Çok sık karşılaştığımız bazı sağlık sorunları var. Bunlar hepimizin her zaman, her yerde başına gelebilecek sıradan sorunlar olsalar da hep gündemde. İşte onlardan bazılarının yanıtları
Neden hapşırırız?
İster “Çok yaşa”, isterseniz son günlerin moda tabiriyle “Çok sev” diye yanıtlayın, tekrarlayan hapşırık ataklarına yakalanınca sizin aklınızdan da “Galiba nezle oluyorum!” cümlesinin geçtiğine eminim. Hapşırmanın başlıca nedeninin nezle olduğu doğru olsa da burnun içini tahriş eden herhangi bir neden de hapşırmaya yol açabilir. Bu, bazen havada uçuşan bir çiçek poleni, bir toz parçacığı, zerreciği bazen de bir yabancı cisimdir.
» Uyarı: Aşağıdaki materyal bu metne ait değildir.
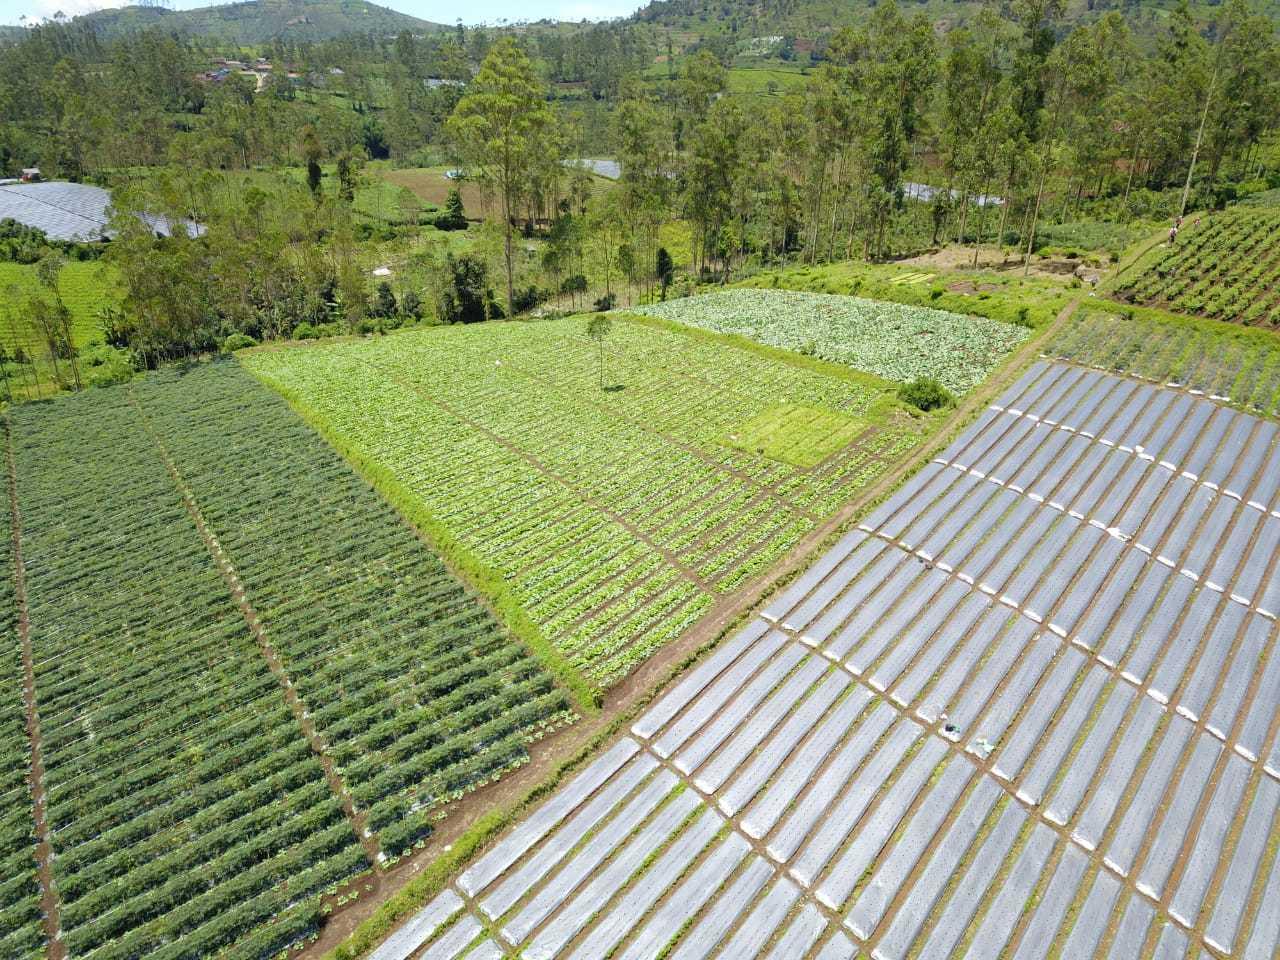 Kementan Bangun 2.358 Kampung Holtikultura pada 2022

Yemeğimize ektiğimiz karabiber ya da kırmızıbiber tozlarının, makyaj için kullandığımız pudranın, hatta uzun zamandır girmediğimiz depodaki yabancı partiküllerin de bizi hapşırtması mümkün. “Peki, bu iş neden bu kadar gürültülü oluyor?” diye bir soru da aklınıza gelebilir. Hapşırma esnasından burnunuzdan dışarıya çıkan havanın hızının bazen saatte 150 kilometreyi bulduğunu bilirseniz hapşırıkla oluşan patlama şeklindeki gürültüye fazla şaşırmazsınız.
Burnun kokusu güçlü duygusu zayıf
Kış aylarında sık karşılaştığımız sorunlardan bir hapşırıksa diğeri de burun akıntısı. ısterseniz önce önemli bir konuyu hatırlayalım: Çoğumuz, burnumuzun sadece koku almaya yaradığını zanneder ama onun başka birçok fonksiyonu var! Mesela burnunuz, soluduğunuz havayı (doğrusu da bu, nefesinizi burundan alıp ağızdan vermelisiniz) nemlendirir, yabancı cisimlerden temizler-süzer ve ısıtır. Bunu burnun içindeki ıslak ve ılık kalorifer peteği şeklindeki yapılanma (konkalar) sağlar. Dolayısıyla hava akciğerinize girmeden önce temizlenmiş, ısıtılıp nemlendirilmiş olur. Bunu sağlayabilmek için de burnun içine çok sayıda salgı bezi yerleştirilmiştir. Bunlar herhangi bir nedenle tahriş olduğunda aşırı sıvı üretmeye başlar. Salgıya yol açan şey bazen toz veya polenler, bazen keskin, farklı kimyasal yapılar duman ve kokular (yangın dumanı, soğan kokusu), çoğu zaman da nezle virüsleridir. Salgının artması burna yerleşmeye çalışan virüsler ya da tozların dışarıya atılmasını kolaylaştırmaktadır. Aklınıza şöyle bir soru gelebilir: “Peki, o zaman ağlayınca burnumuzu tahriş eden nedir? Duygularımız olabilir mi?” Burnun ‘kokusal’ yanı güçlüdür ama ‘duygusal’ yanı zayıftır! Ağladığınızda oluşan aşırı gözyaşı sıvısı göz dibinizdeki kanallarla burnunuza aktarıldığından, burnunuz fazla miktarda gözyaşıyla dolar ve bu sıvı burundan dışarı akar. Yani ağlayan burnunuz değil, gözlerinizdir aslında...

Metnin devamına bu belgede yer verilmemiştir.